L'histoire :
Agée d’une dizaine d’années, Dewi fait toujours le même cauchemar : elle est poursuivie par un drone de surveillance à travers une grande ville. Elle court à travers la foule, elle lui échappe en montant dans un ascenseur, elle se retrouve au sommet d’un immeuble, et elle saute dans le vide. Sa dernière pensée avant de se réveiller en sursaut, c’est que cette ville ressemble à Tokyo… alors même qu’elle n’y a jamais mis les pieds. Elle discute de cette étrange récurrence onirique avec son chat-intelligence-artificielle, prénommé Phil. Puis elle fait semblant de dormir, lorsque la nurse Baba fait une inspection dans sa chambre. L’imitation semble fonctionner : l’androïde nurse fait un tour, tue une mouche et repart sans un bruit. Mais comment font les mouches pour réussir à pénétrer régulièrement en cet endroit hermétique ? D’ailleurs, pourquoi les insectes et les animaux en général sont-ils irrépressiblement attirés par elle ? Dans le bureau de direction de l’orphelinat, les instances abordent ce sujet. Dewi Setiawan – de son vrai patronyme Vega – est un clone, dotée d’un mimétisme chimique dans son ADN. C’est-à-dire que, sans explication, son expression génétique émet des phéromones qui poussent les animaux à la percevoir comme l’une des leurs et à rechercher son contact.

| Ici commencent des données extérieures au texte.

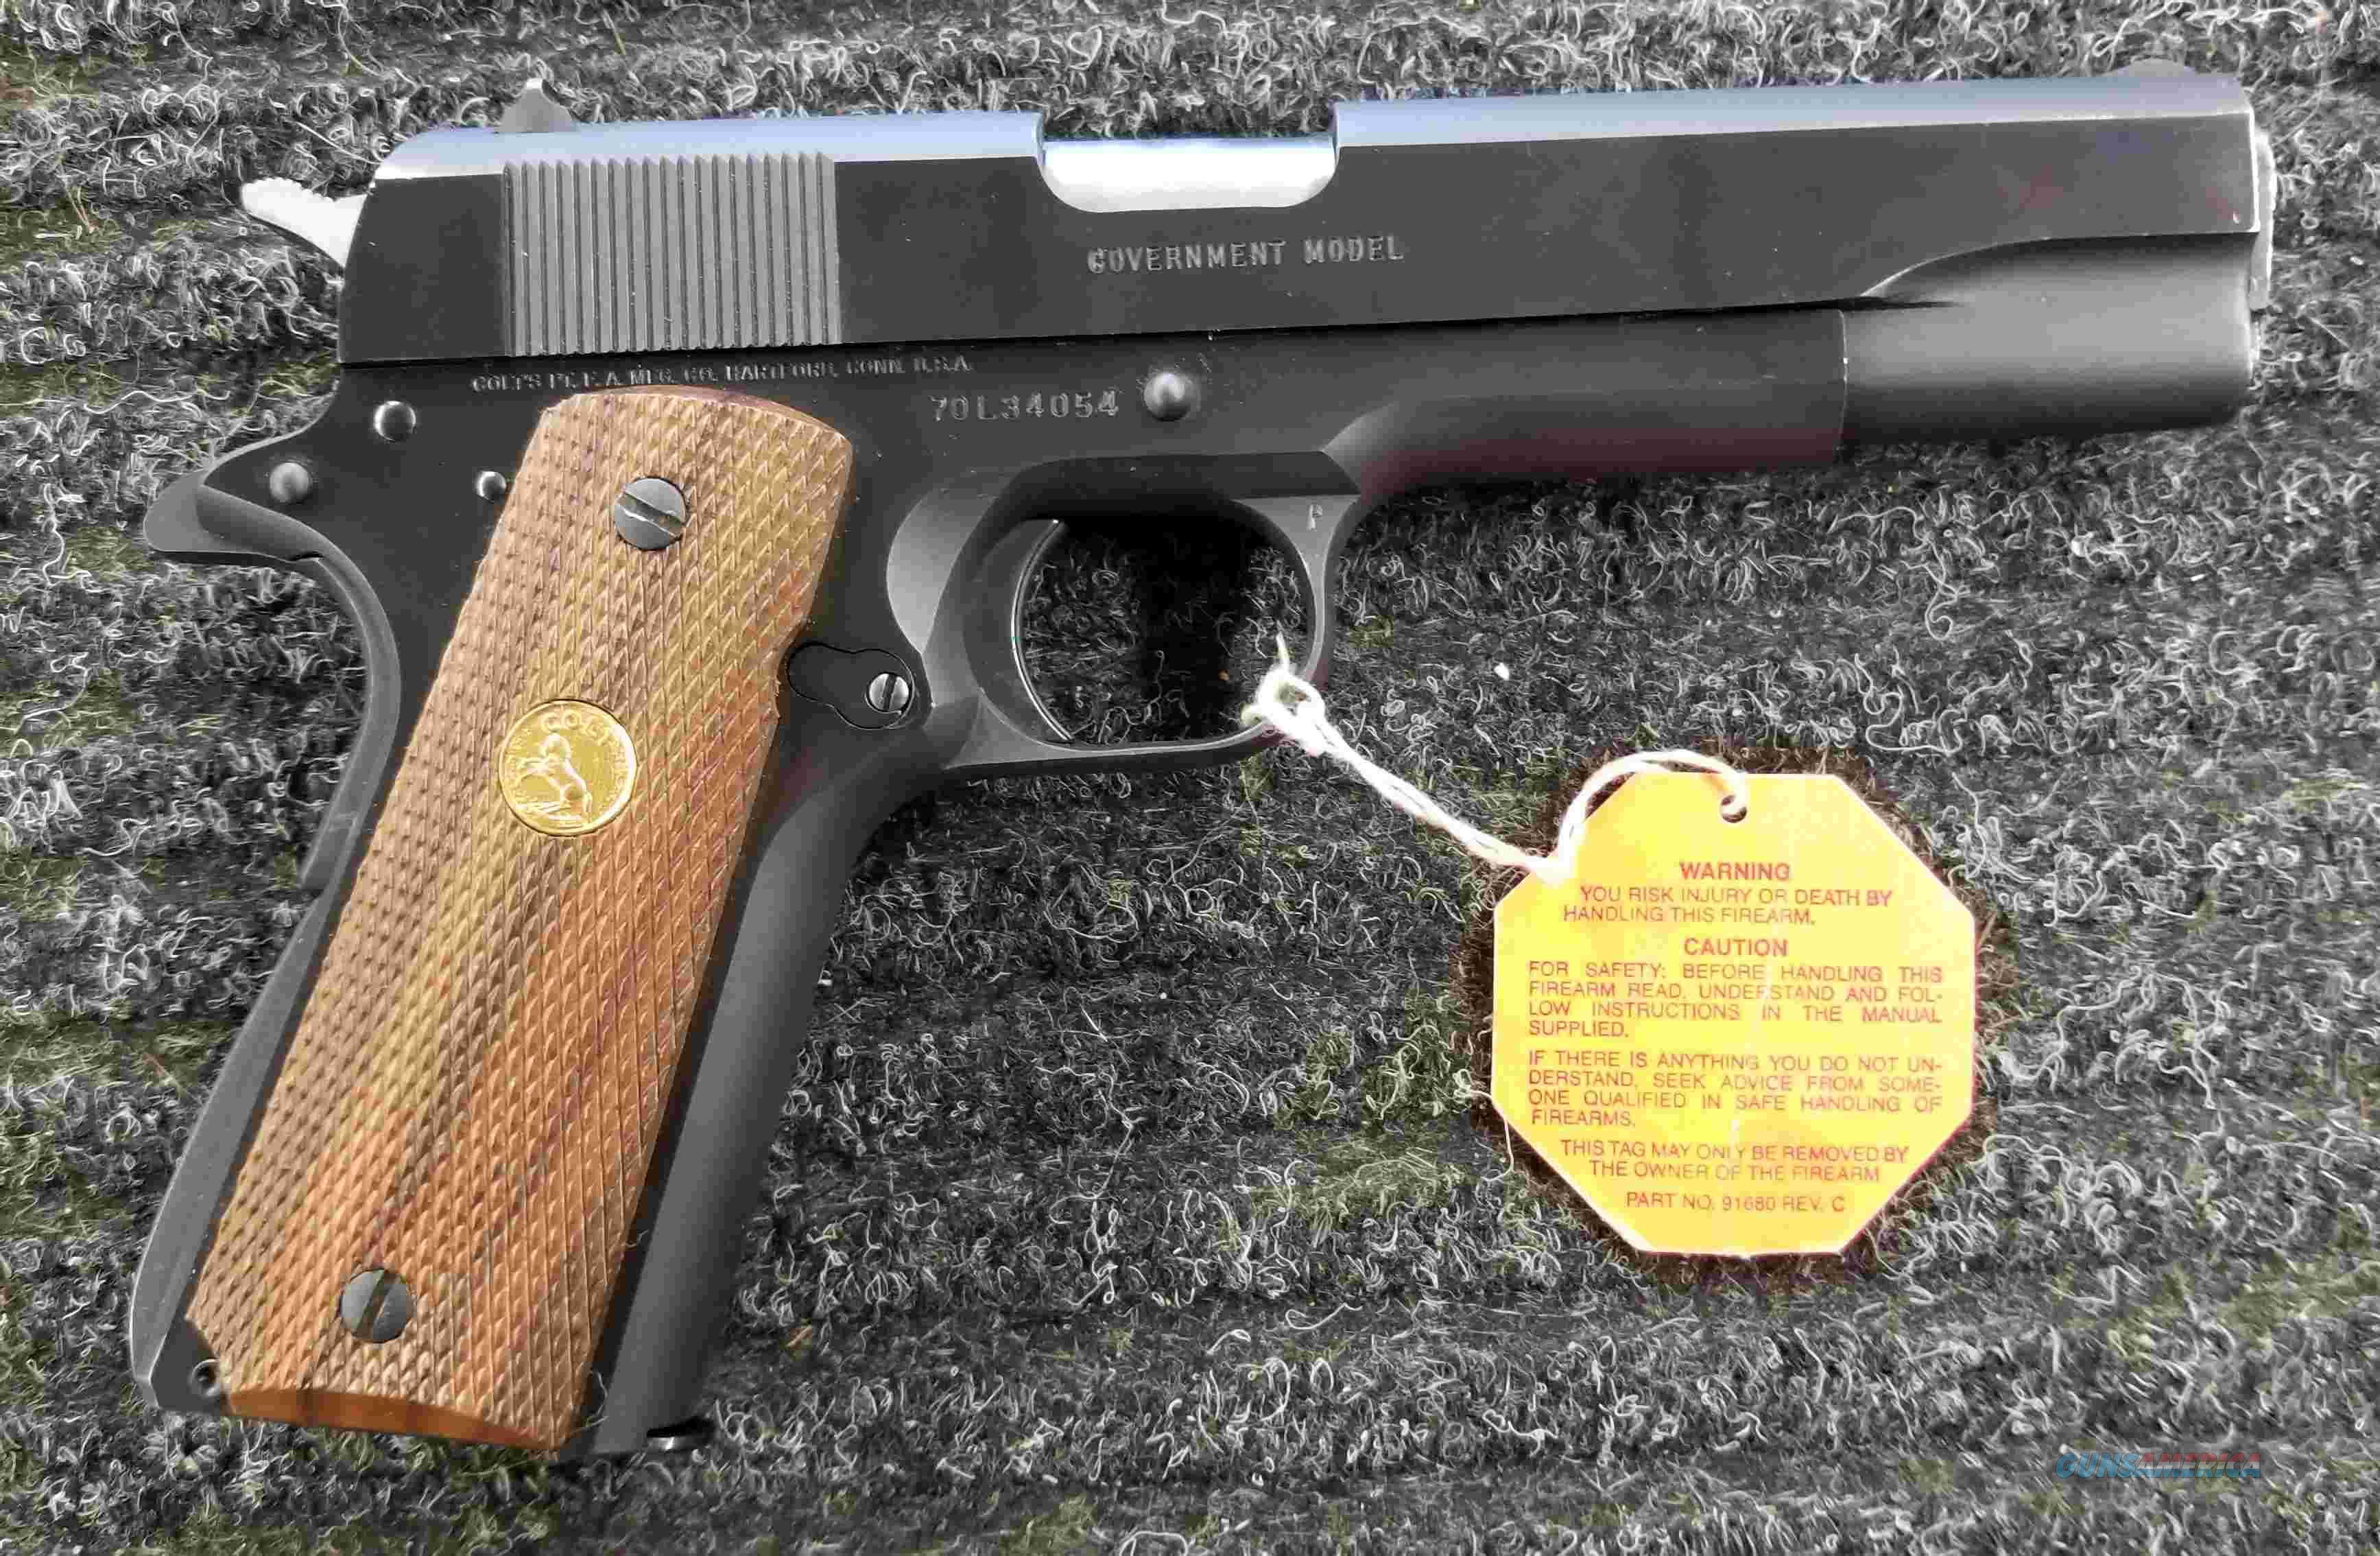 Colt Series 80 MKIV - 1911 - 45ACP - Free Shipping !!  Guns > Pistols > Colt Automatic Pistols (1911 & Var)

Ce qu'on en pense sur la planète BD :
Dewi et ses sœurs est une sorte de suite à Vega, thriller d’anticipation publié chez Albin Michel en août 2022, par les mêmes auteurs : Serge Lehman (au scenar) et Yann Legendre (au dessin). Il peut se lire à la suite (ça se passe quelques années plus tard), mais peut aussi se découvrir tout à fait indépendamment. On retrouve surtout le Docteur Pongo, gourou bio-techno affublé de 15% de génome d’orang-outang, qui a cloné une gamine 10 fois : la fameuse Dewi du titre. A travers une narration qui ne vous prend pas par la main, cette jeune héroïne intelligente et débrouillarde part en quête de ses origines, à travers une société futuriste ultra contrôlée par divers robots et IA. Elle se découvre 10 clones d’elle-même et tente de comprendre les raisons de son anomalie génétique (elle est l’amie des animaux !). Les thèmes du clonage, de la robotique, du crépuscule de l’anthropocène et toujours de l’animalisme sont au rendez-vous. Les 4 chapitres se déroulent toujours à travers un visuel infographique qui rebutera les amateurs de « beau dessin », mais qui se laissera apprécier par les artistes numériques. Cette fois, Legendre laisse tout en noir et blanc (et niveaux de gris, et ombres éthérées et effets de brumes et de lumières). C’est tout à la fois hypnotique, mais aussi assez figé lors des scènes d’action (malgré les lignes de fuite), avec des éléments de décors et des détails dupliqués… Le reflet d’un gros boulot tout de même, sur un scénar pour le moins torturé, mais post-techno-bio-génétique qui interpelle.